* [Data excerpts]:
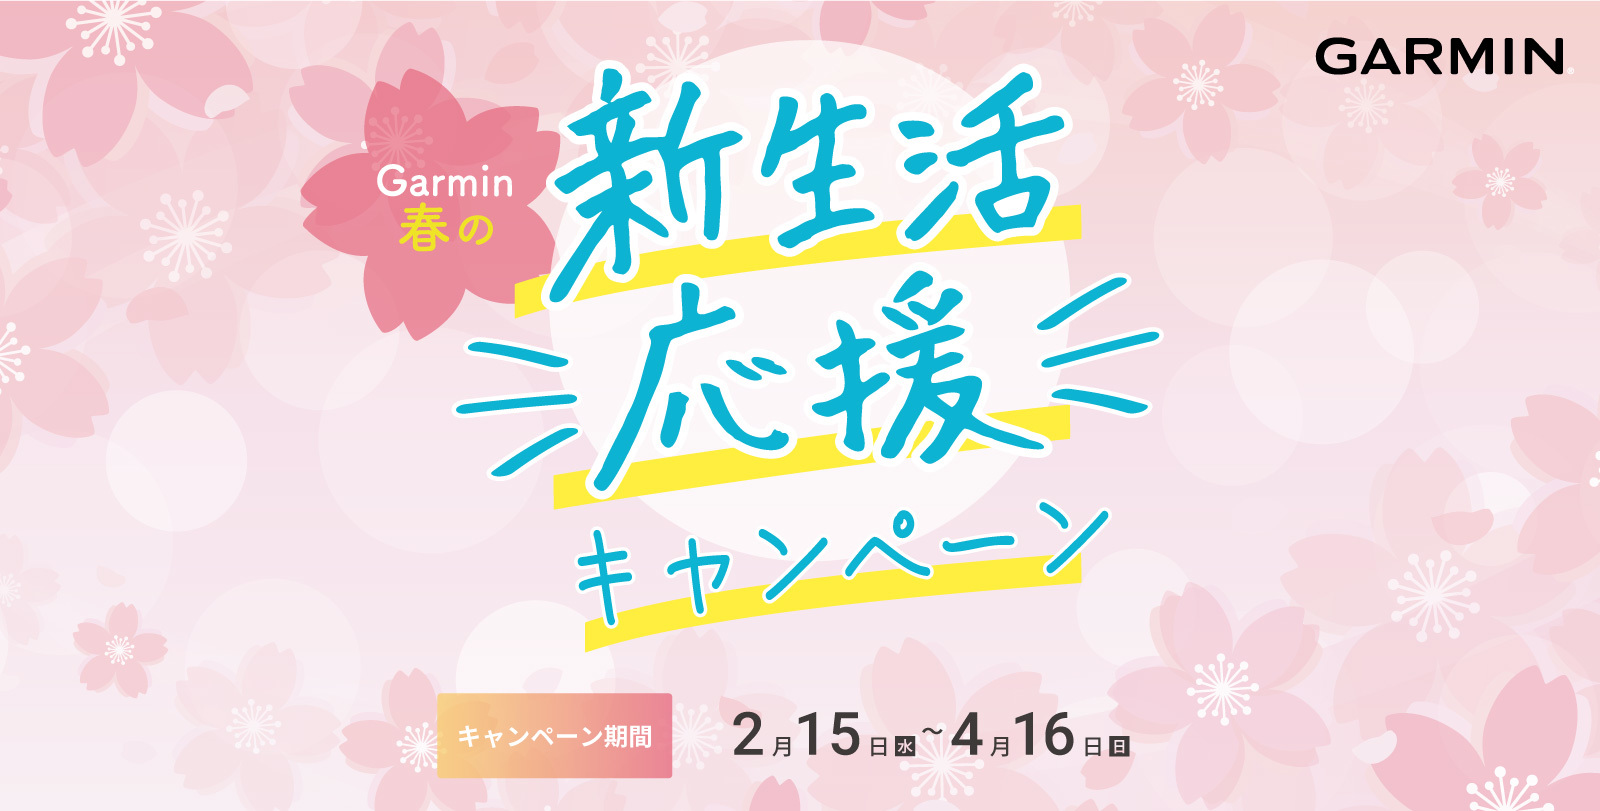 新生活をGarminと一緒に始めよう！
Garmin「春の新生活応援キャンペーン」を開催　
2月15日(水)～4月16日(日)に
特別価格やプレゼントキャンペーンを同時開催
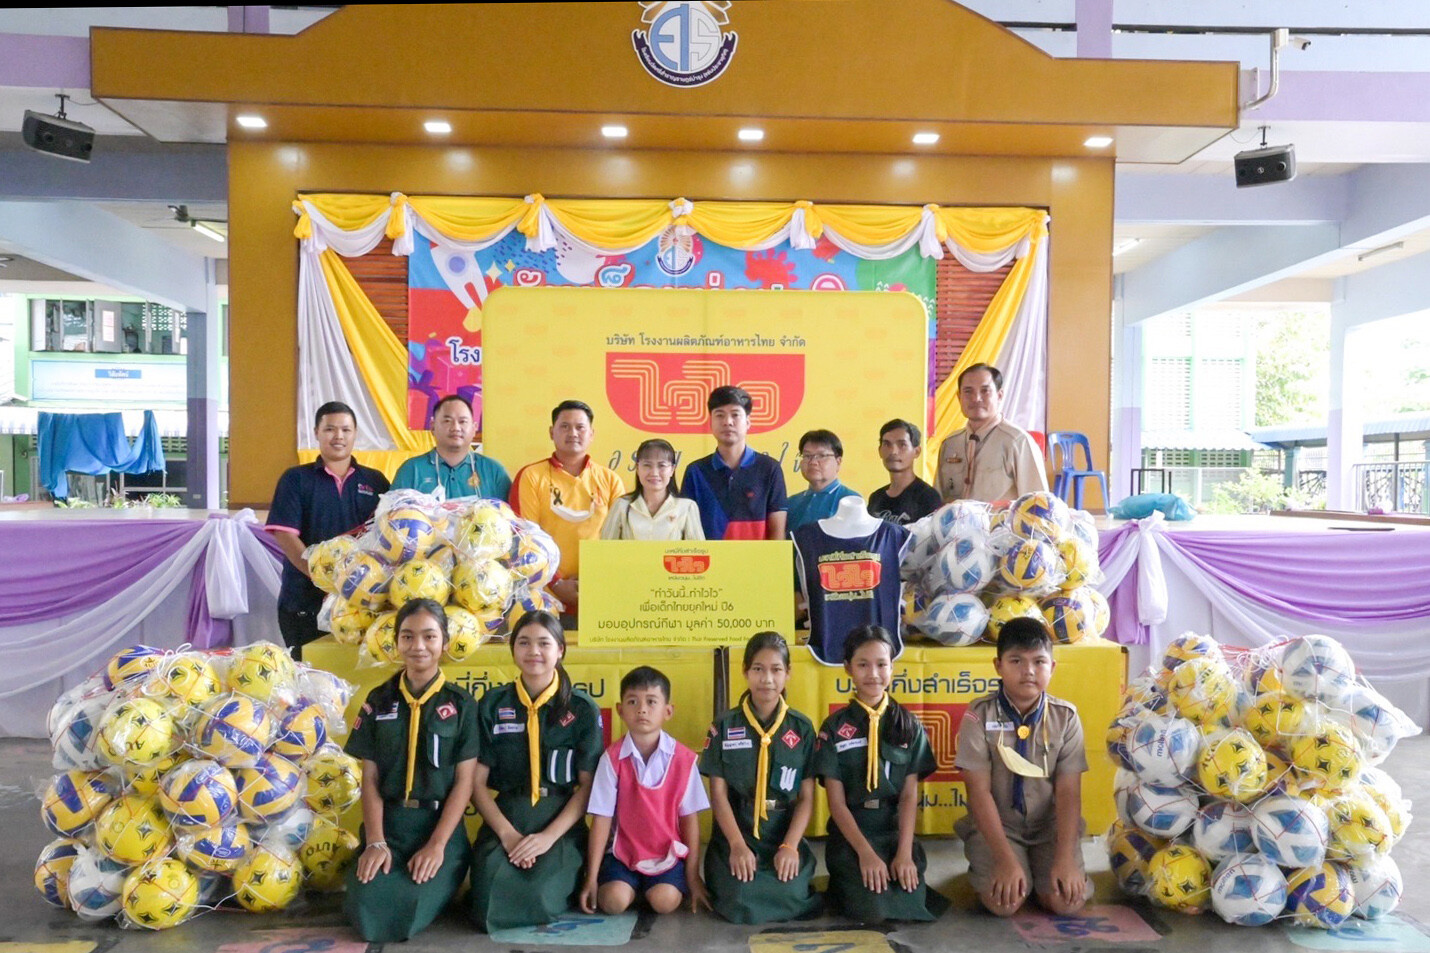 ไวไว จัดโครงการ "ทำวันนี้ทำไวไว เพื่อเด็กไทยยุคใหม่ ปี 6" บุกกลุ่มลูกค้าวัยใส พิชิตใจวัยรุ่นฟันน้ำนม

* [Work to complete]: From the first line to the last, set down the data exactly, without the pictures.

* [Response box]:
 新生活をGarminと一緒に始めよう！
Garmin「春の新生活応援キャンペーン」を開催　
2月15日(水)～4月16日(日)に
特別価格やプレゼントキャンペーンを同時開催
 ไวไว จัดโครงการ "ทำวันนี้ทำไวไว เพื่อเด็กไทยยุคใหม่ ปี 6" บุกกลุ่มลูกค้าวัยใส พิชิตใจวัยรุ่นฟันน้ำนม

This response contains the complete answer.